The search is getting harder and harder, not that this is deterring Williams.

“I’ve had a big X on my back since I won the US Open in 1999,” stated Serena, knowing the gravitas of the task ahead to clinch a first Grand Slam since 2017.

The No.6 seed can never be counted out in London, triumphing seven times and reaching the final in 2018 and 2019. Serena with momentum, after early round wins, means trouble for the remaining competitors. 

Ladies’ popcorn first rounds

Barty (1) vs Suarez Navarro 

Andreescu (5) vs Cornet 

S. Williams (6) vs Sasnovich 

Swiatek (7) vs Hsieh 

Kvitova (10) vs Stephens 

Buzarnescu vs V.Williams 

20-20-20 vision?

Two-time defending champion Novak Djokovic is recharged after soaking up some rays in Mallorca, playing doubles with long-time friend Carlos Gomez-Herrera.

Rafael Nadal is absent, Roger Federer has question marks over his match-sharpness, so the world No.1 is the hot favourite to land a sixth Wimbledon. 

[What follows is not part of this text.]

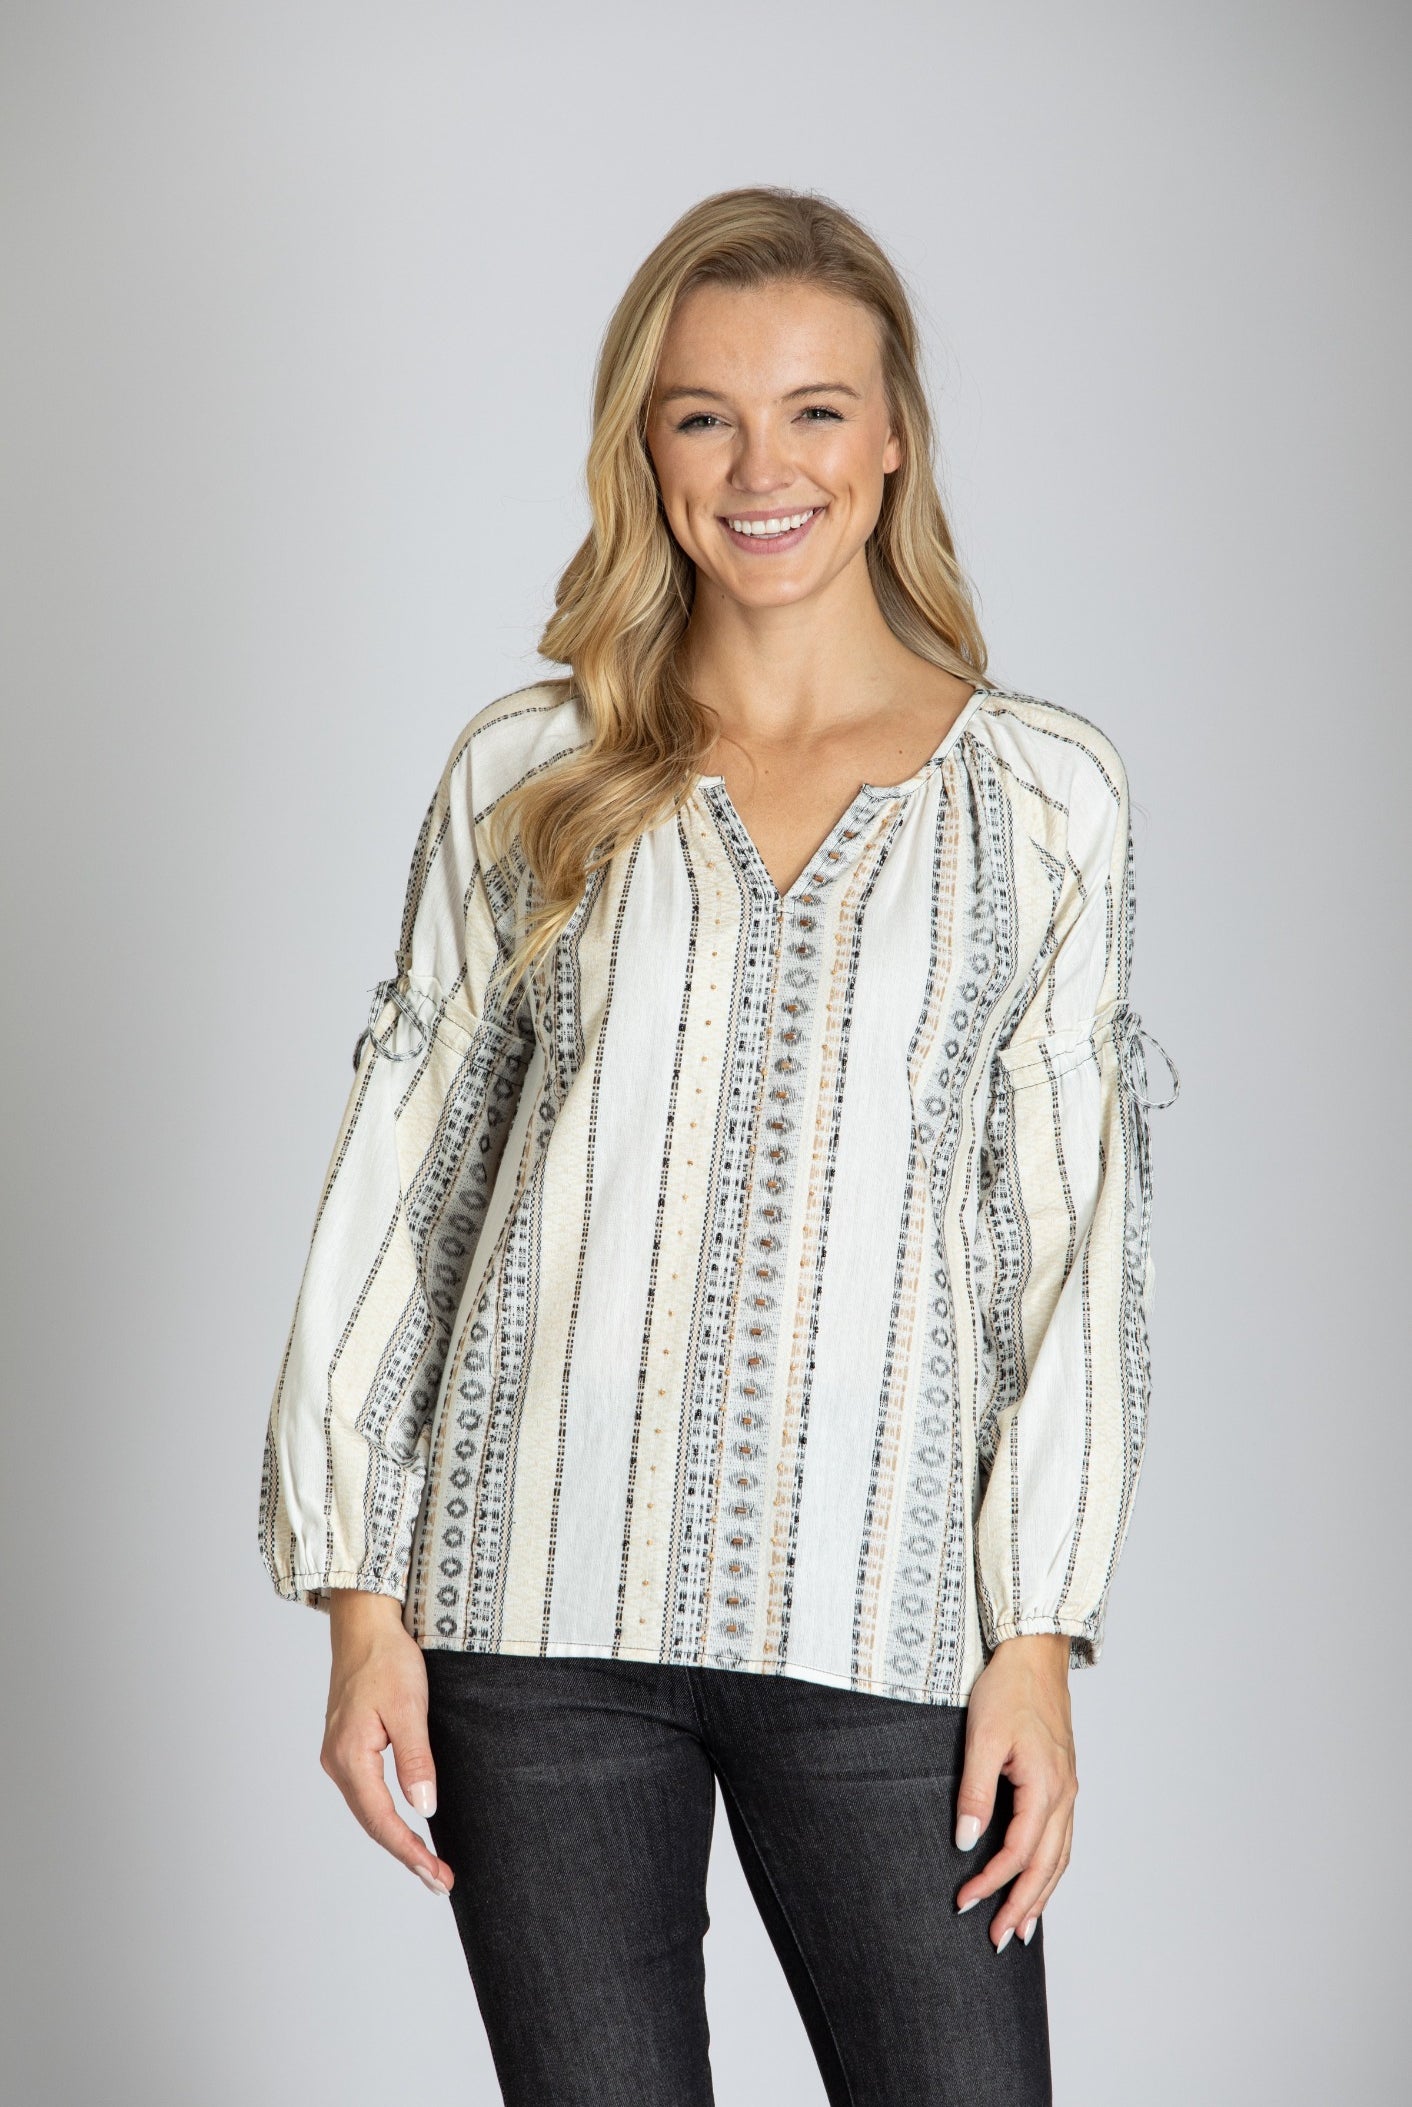 Woodbead panel front Jacquard Top With Bishop Sleeves APNY

“I did not allow myself to enjoy that victory too much because four days later, after I won the title, I was on the grass courts training,” stated the Serbian, referring to his recent Roland-Garros triumph. 

Should Djokovic dismiss the field once again, he’ll join Nadal and Federer on 20 Grand Slams top of the all-time men’s standings. 

The stakes are huge – remember a Calendar Golden Slam remains a possibility! 

Barty daring to dream big

Unfortunately, Naomi Osaka didn’t make the trip and 2019 champion Simona Halep has been ruled out with a persistent calf complaint. So world No.1 Ash Barty is the leading light at The All England Club.

The 2019 Roland-Garros champion has recovered from a left hip injury which curtailed her campaign in Paris and is now eager to progress past her best Wimbledon showing of a fourth round two years ago.

"You can dare to dream,” insisted the top seed, who opens against the incredible comeback story of Carla Suarez Navarro. “That's been a lot of my learnings over the last 2 years as a person, putting my dreams out into the universe and chasing them.”

No.2 seed Aryna Sabalenka and No.3 seed Elina Svitolina are pushing for their Grand Slam breakthrough, whilst recent Roland-Garros ruler Barbora Krejcikova’s chances could come down to dealing with the increased spotlight and scrutiny. 

“I cannot really put the good words together because all of this is very new and all of this is really exciting and special,” said the Czech with a chuckle. “Also, it's stressful. I didn't expect this to happen. Now I'm here.”

Men’s notable first round

Djokovic (1) vs Draper (WC) 

Tsitsipas (3) vs Tiafoe 

Federer (7) vs Mannarino 

Hurkacz (14) vs Musetti 

Dimitrov (18) vs Verdasco

Humbert (21) vs Kyrgios 

Basilashvili (24) vs Murray (WC) 

Who can dismantle Djokovic?

Away from the obvious choice, plenty of men will want to steal away the silverware.

No.2 seed Medvedev is in the same half as eight-time winner Federer, which could serve up a delicious quarter-final clash. 

Roland-Garros finalist Stefanos Tsitsipas fell at the first hurdle at SW19 in 2019, but is adamant he’s transformed since then. 

“I was a completely different person than I am now,” stated the No.3 seed. “I will probably say not as confident as I am now. I relied a lot on my confidence back then. Most certainly I didn't really have Plan B or Plan C. I just kind of had my one way of playing.”

A versatile, sky-high Tsitsipas will be a major contender for sure.